O kadar ki hem Cumhuriyetçi hem demokrat ikişer başkan zamanlarında 16 yıl görevde kalmış olan efsane Alan Greenspan anılarında şöyle anlatır: (Aklımda kaldığı kadarıyla yansıtayım.)

Ben Cumhuriyetçi Başkan Bush (Baba Bush) döneminde başkanlığa getirilmiştim.
Yeni başkan seçilen Demokrat Clinton ile devam edebilecek miydim?
İlk görüşmemiz yarım saat olarak planlanmıştı.
Clinton’la o yarım saat boyunca hiç iş konuşmadık.

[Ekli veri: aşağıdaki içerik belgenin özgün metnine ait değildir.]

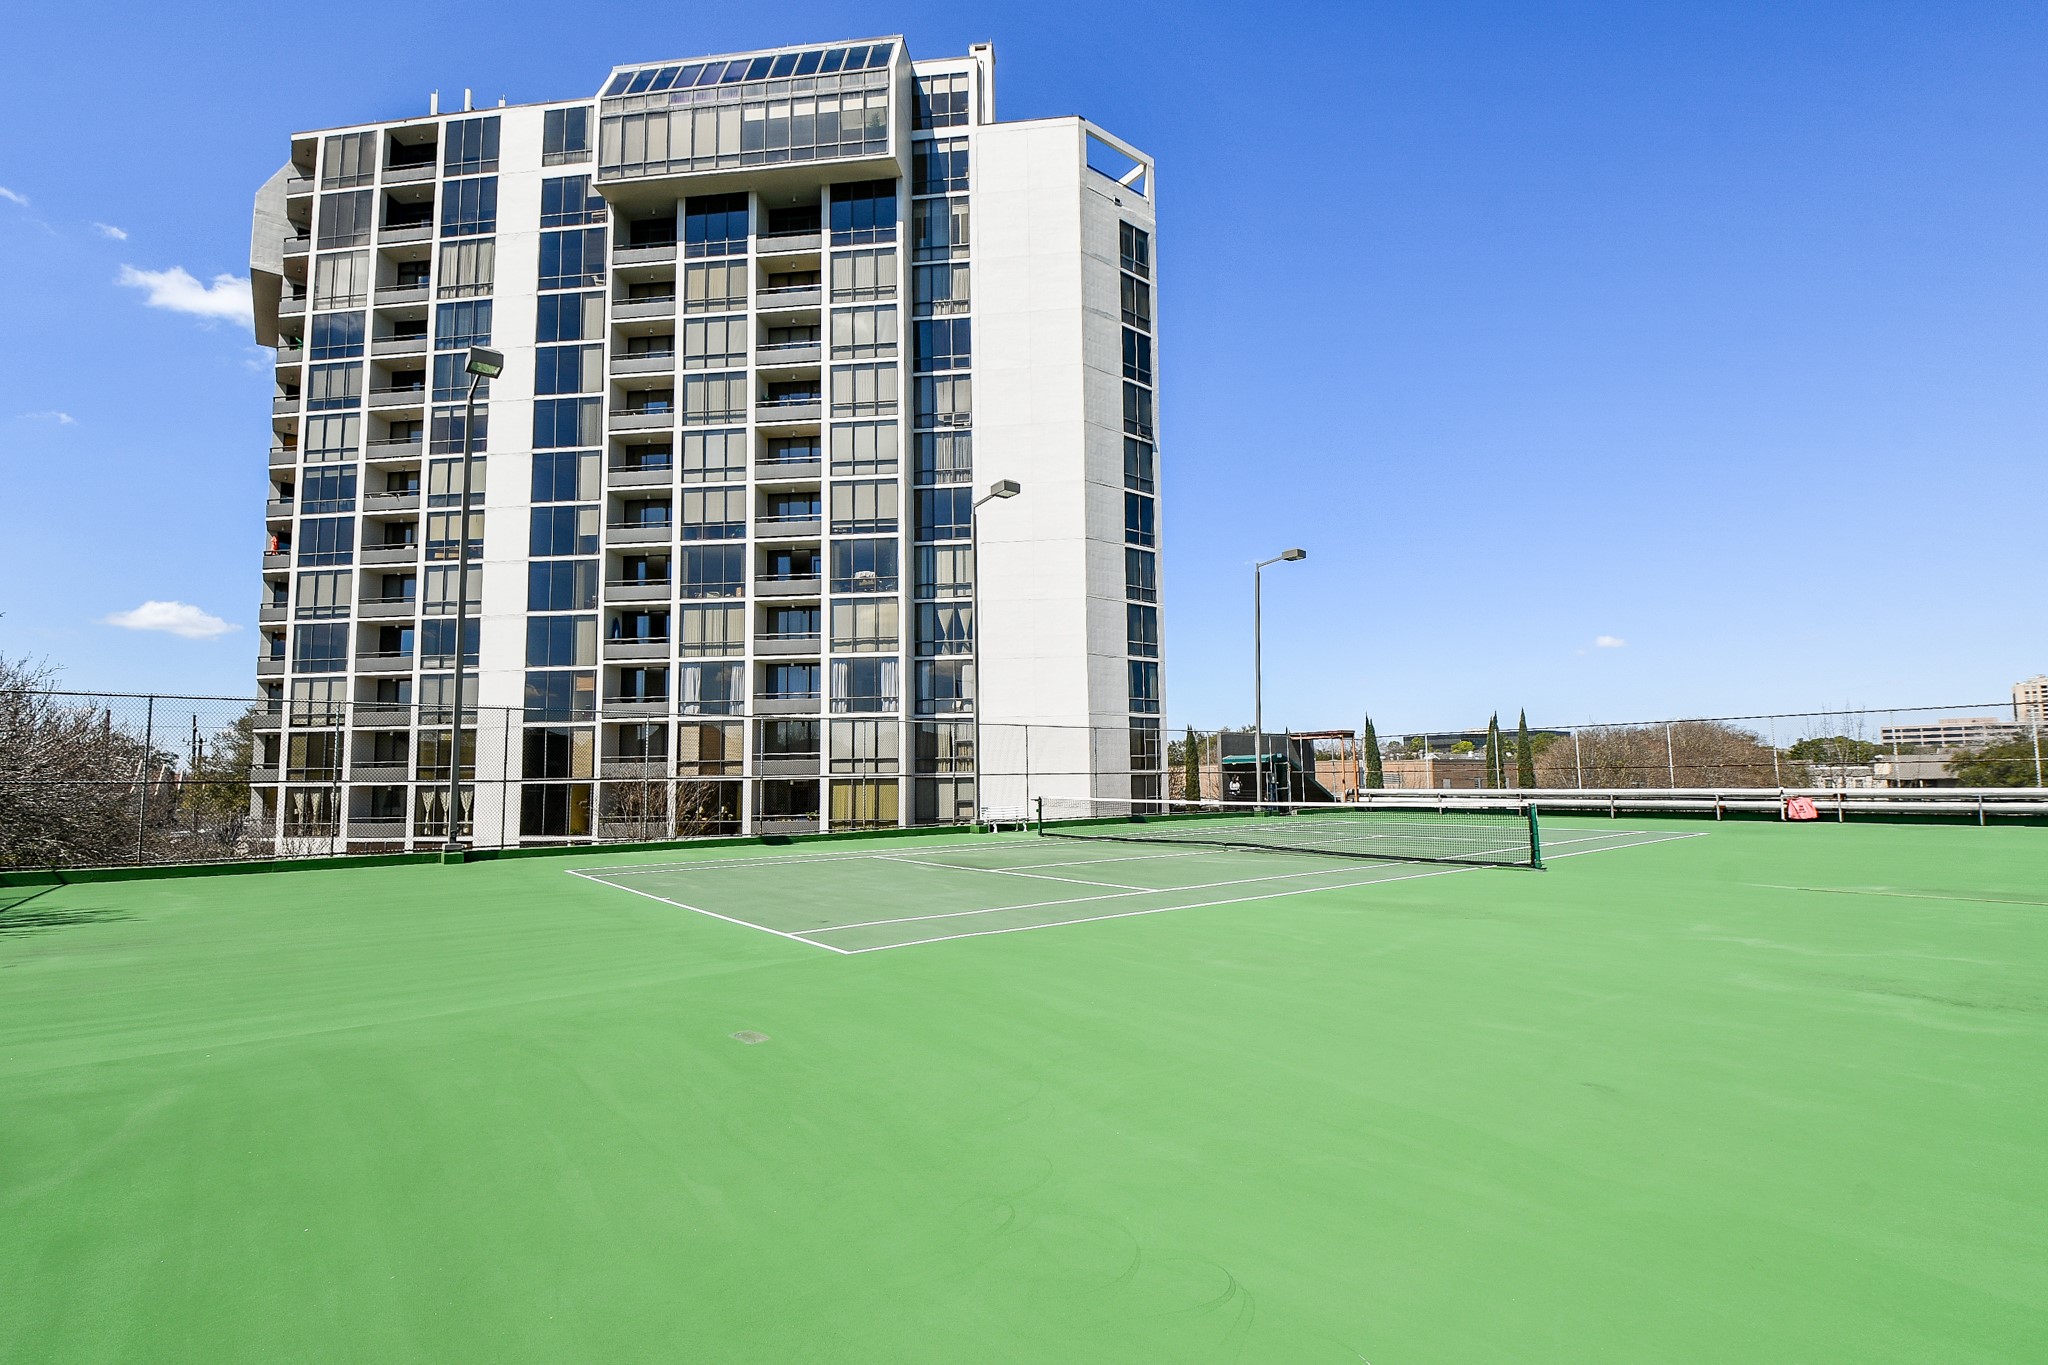 Located above the parking garage are tennis & basketball courts.

Felsefe, sanat, tarih gibi konularda sohbet ettik.
İlginç bir adamdı.
Entelektüeldi.
Görüşmemiz iki saate sarktı.
Sonlarına doğru “göreve devam etmemi istediğini” söyledi.
Şaşırmıştım ama bana Merkez Bankası politikalarıyla ilgili tek kelime bile etmemiş olmasından etkilenmiştim.
“Yönlendirme” anlamına gelecek bir “imada” bile bulunmadı.
Görüşme bittikten sonra otomobilde “Bu adam ya müthiş zeki ve entelektüel ya da büyük artist” diye düşünüyordum.
.......................
BURADA bir saptama yapayım.
Amerika’da iktidarların (başkanların) tam bağımsız Merkez Bankası’na yönlendirici baskı yapmaları kesinlikle yasaktır.
Böyle bir durumda Merkez Bankası başkanı kendisine baskı yapıldığını Senato’ya şikâyet edebilir.
Kıyamet kopar.
......................
ŞİMDİ yazının başındaki Saracoğlu’nun sözleriyle, Alan Greenspan’ın anıları arasında bir “çelişki” izlenimi almış olabilirsiniz.
İşte “hassas / altın ölçek” de budur.
“İktidarın politikalarını iyi gözlemek ve müdahale olmadan kendiliğinden o politikalarla mümkün olan uyumu gösterebilmek.”
4 isteniyorsa 2... 2 isteniyorsa 1 vermek... Ama “hiç vermemek” yok. Merkez Bankası bağımsızdır fakat iktidarla kavgalı olamaz.
İktidar da Merkez Bankası’nın politikalarına rest çekmez.
“Başkanlık sistemi” böyle “hassas dengelere” dayalıdır.